- Bible
- 2 Samuel
- Chapter 15
- Verse 31
“And one told David, saying, Ahithophel is among the conspirators with Absalom. And David said, O LORD, I pray thee, turn the counsel of Ahithophel into foolishness.”
My Notes
What Does 2 Samuel 15:31 Mean?
David is fleeing Jerusalem — his son Absalom has staged a coup, the city is lost, and the throne is gone. And in the middle of that catastrophe, David receives one piece of intelligence that cuts deeper than the rest: Ahithophel has defected. "And one told David, saying, Ahithophel is among the conspirators with Absalom" — Ahithophel wasn't just any advisor.
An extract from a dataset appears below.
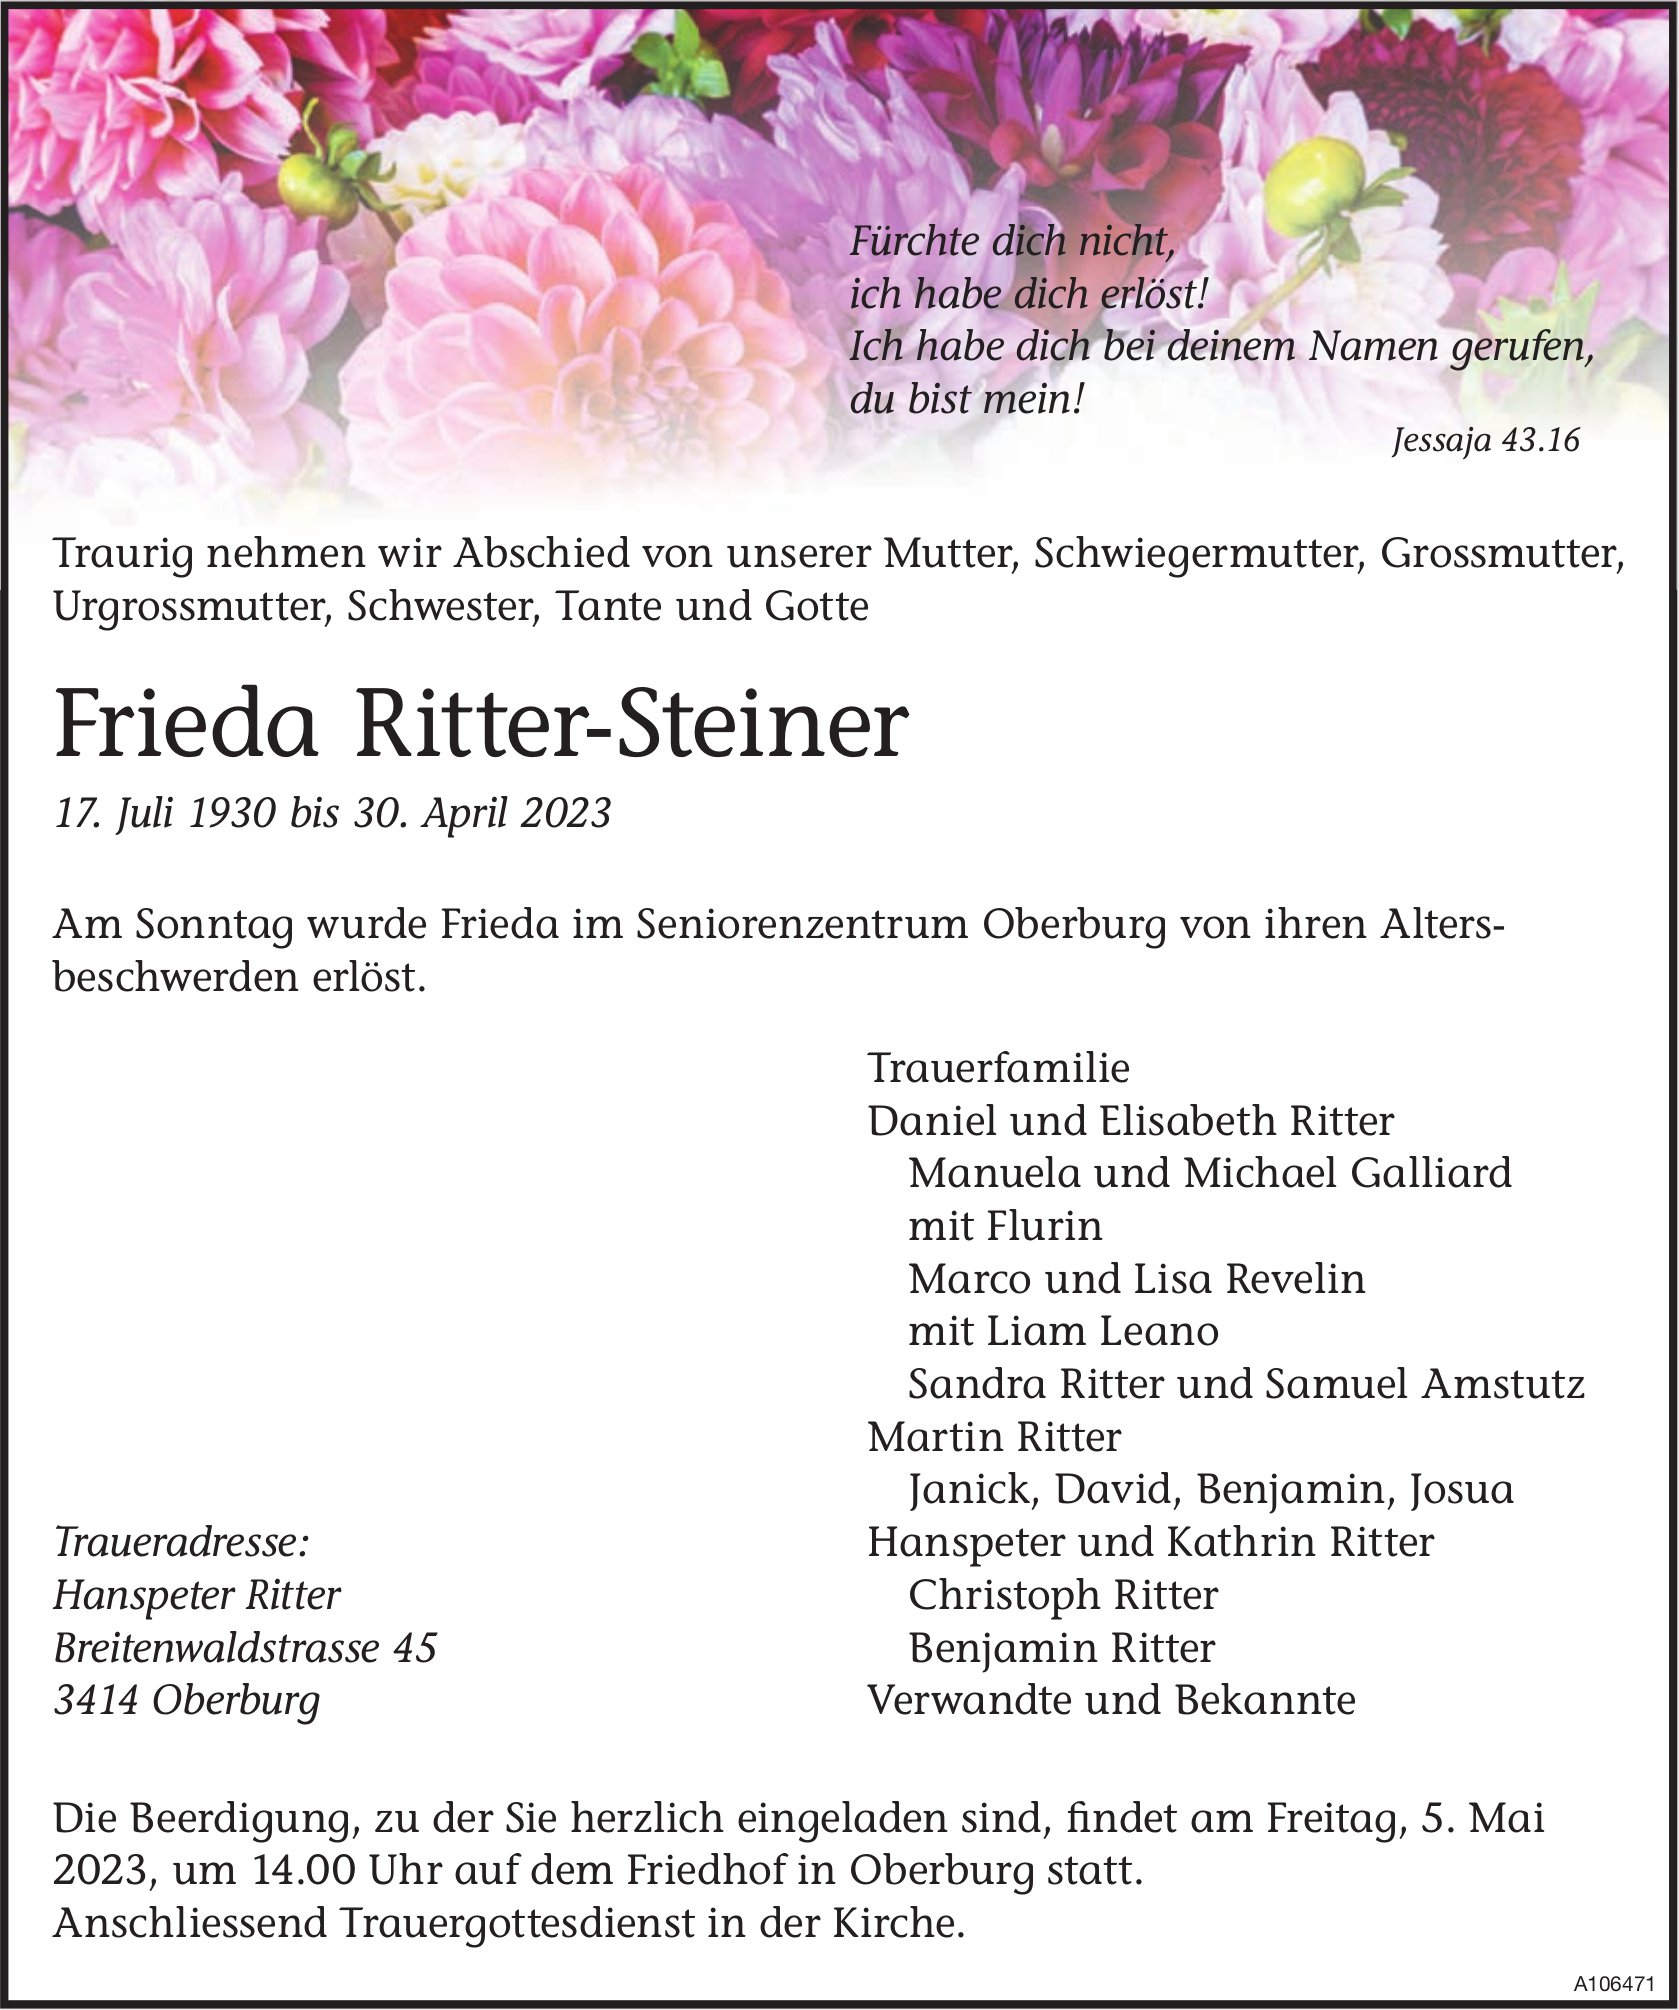 Frieda Ritter-Steiner, April 2023 / TA

He was David's most trusted counselor. 2 Samuel 16:23 says his counsel was "as if a man had enquired at the oracle of God." His advice was regarded as divine. And now that divine-quality mind is working for Absalom.
"And David said, O LORD, I pray thee, turn the counsel of Ahithophel into foolishness" — David's prayer is a single sentence, aimed at a single target. He doesn't pray for Absalom's defeat. He doesn't pray for the army to rally. He identifies the most dangerous element in the enemy's arsenal — Ahithophel's counsel — and asks God to neutralize it. The prayer is surgically specific: make the smartest man in the room into a fool.
God answers the prayer through Hushai (15:32-37), whom David sends back into Jerusalem as a mole. Hushai deliberately gives Absalom advice that contradicts Ahithophel's (17:7-14). Absalom follows Hushai's counsel instead. And when Ahithophel sees his advice rejected, he goes home, sets his affairs in order, and hangs himself (17:23). The wisest counselor in Israel is turned to foolishness — exactly as David prayed.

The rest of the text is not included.